Objectives: To determine the reliability of scores assigned to interviews of medical students applying to an emergency medicine program.
Methods: A scoring instrument was derived based on faculty and resident input, institutional and national documents, and previous application procedures. Candidates were interviewed by four pairs of interviewers. Interviewers were asked to score the candidates on five visual analog scales (VASs) with objective anchors.
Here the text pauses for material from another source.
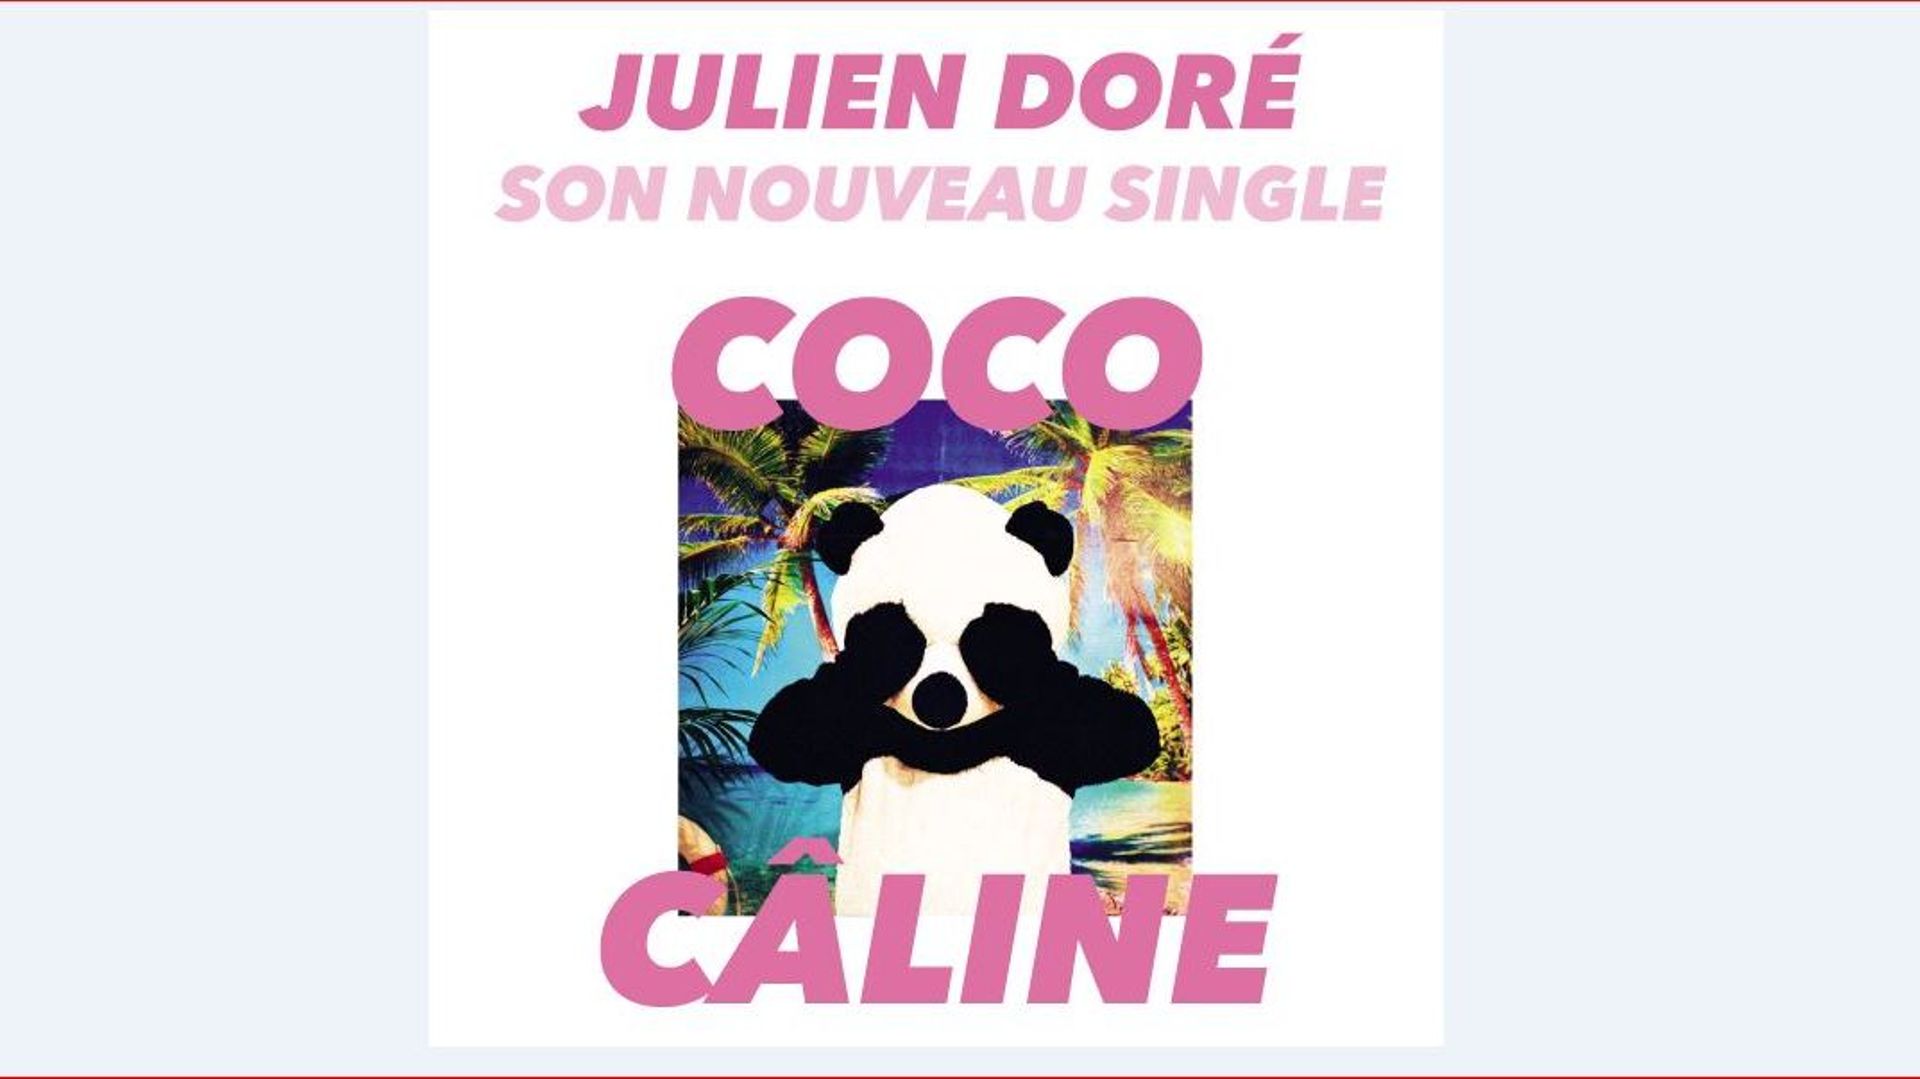 Le tout nouveau single de Julien Doré s'intitule "Coco Caline" !

Each interview assessed a unique candidate characteristic. All interviewers were given explicit instructions on scoring procedures and instrument use. The data were entered into an Excel database and transferred to SPSS, and reliabilities were measured with a two-way mixed-effect Cronbach's alpha.
Results: Forty applications were received for the 2002 residency entry year. Thirty-eight application packages were complete, and 16 candidates were interviewed. Data collection was complete for all 16. The average measure intraclass correlations for each individual interviewer across the five VASs ranged from 0.72 to 0.92 (mean, 0.85). The interrater reliability within the four interviews (personal characteristics, trainability, suitability for emergency medicine, and suitability for the specific training program) were low at 0.36, 0.59, 0.69, and 0.49. The overall reliability of the four interview scores was 0.83, and for the eight interviewer scores it was 0.86.
Conclusions: The reliability of the overall interview scores was very high. The intraclass correlations for each interviewer's VAS scores were also high, but interrater correlations within interview teams were moderate and not higher than those across interview teams. This study suggests that an interview assessment instrument can be highly reliable overall and that interviewers base scores on an overall global impression.